● **Aim of the task**
Below is a listing to copy exactly; no image goes into the copy.

● **Supplied data**
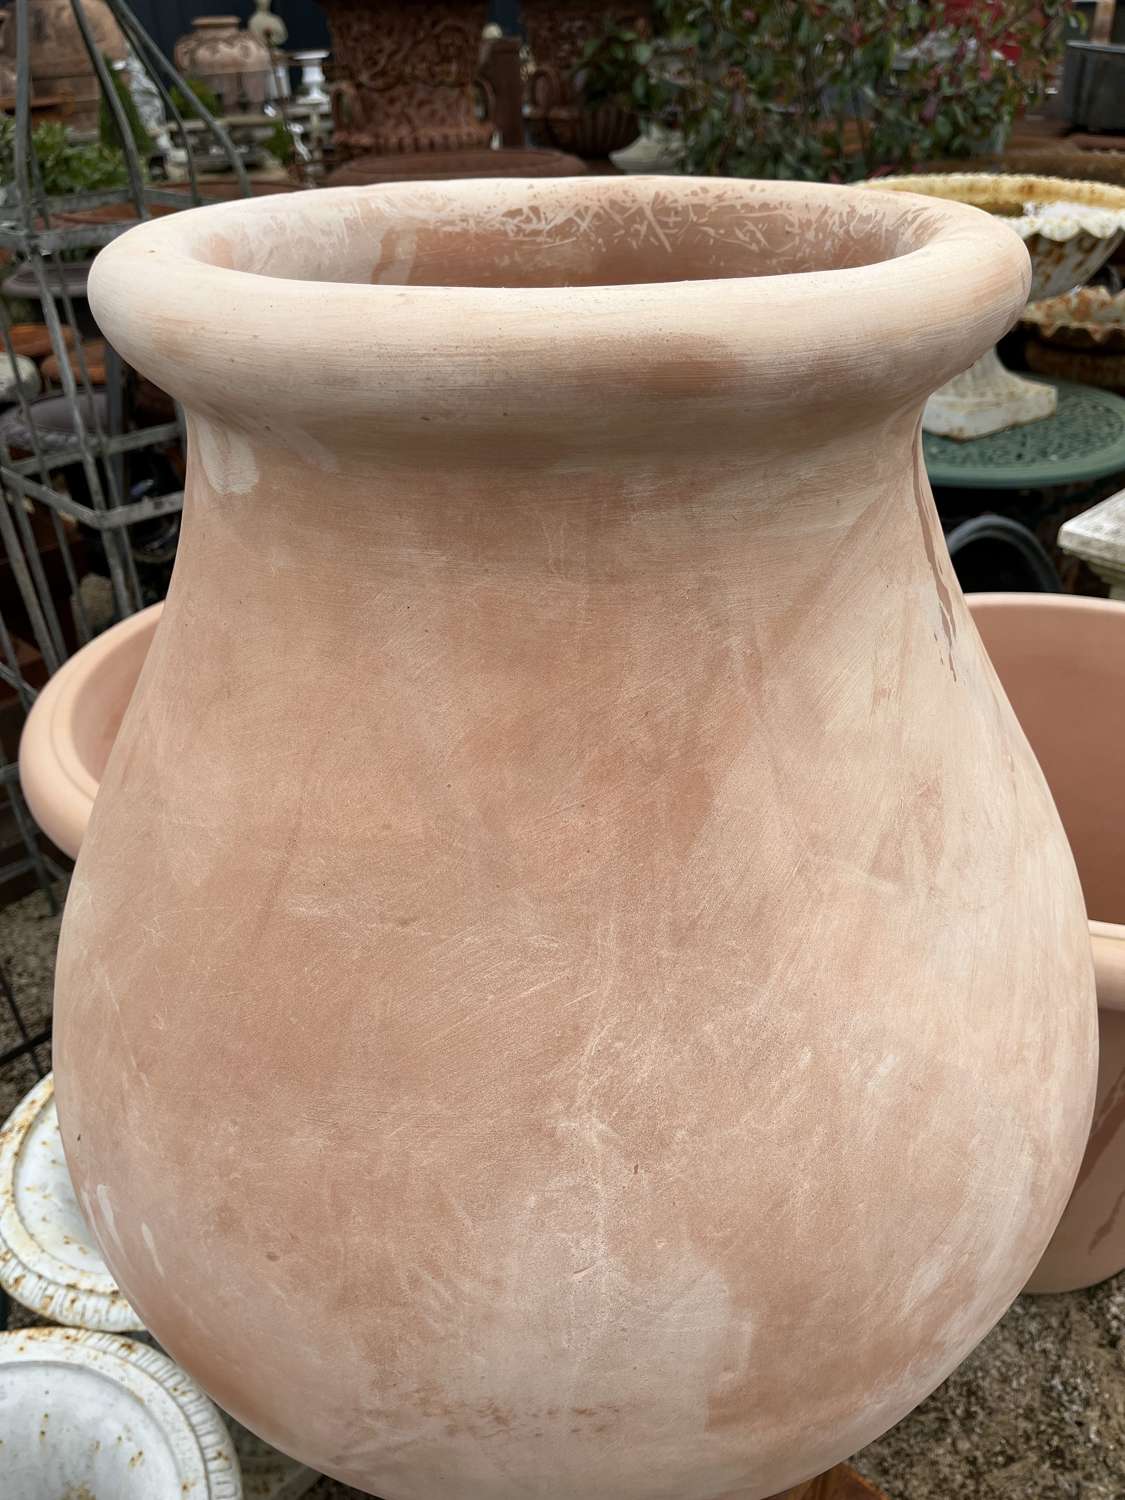 Terracotta Jar - Biot style terracotta pots
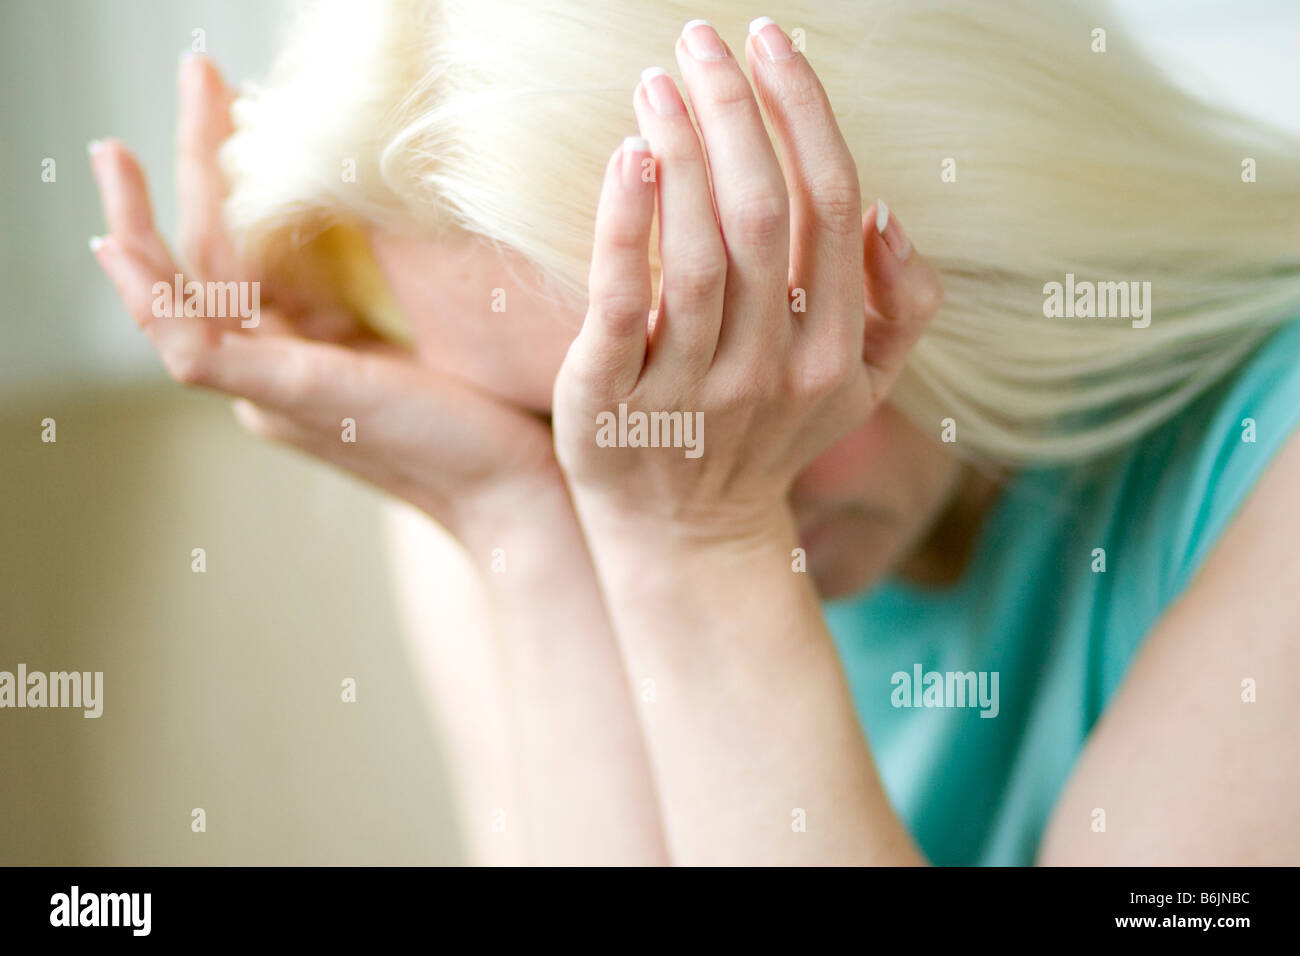 Girl rubbing eyes Stock Photo
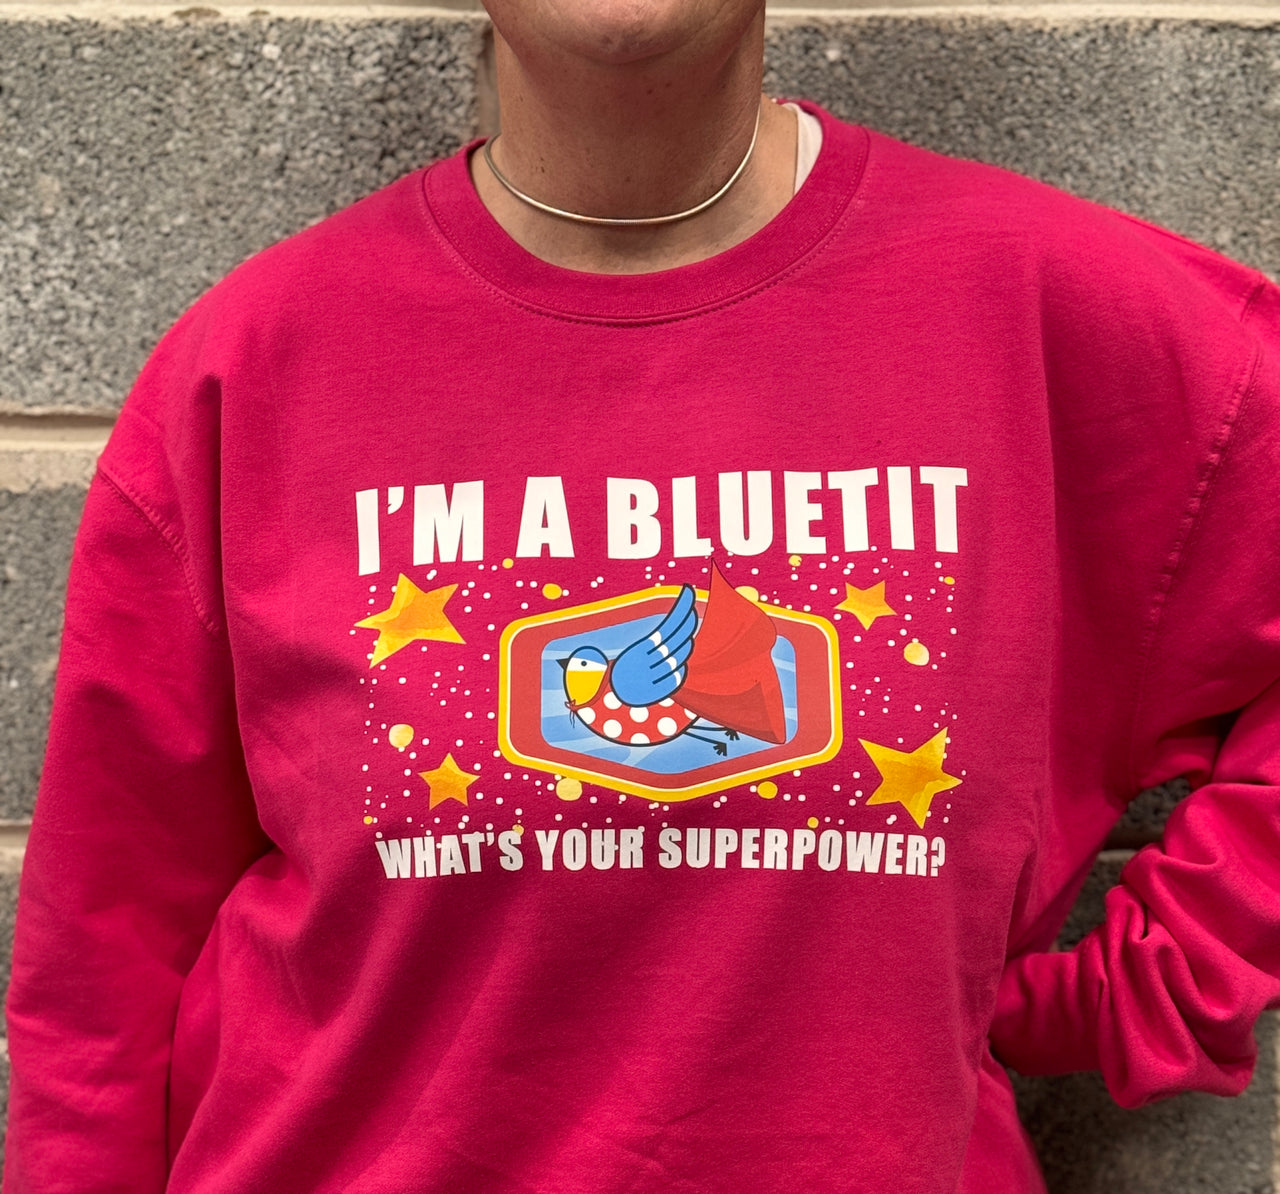 Bluetit Sweatshirt - I'm a Bluetit What's Your Superpower?

● **Answer section**
 Terracotta Jar - Biot style terracotta pots
 Girl rubbing eyes Stock Photo
 Bluetit Sweatshirt - I'm a Bluetit What's Your Superpower?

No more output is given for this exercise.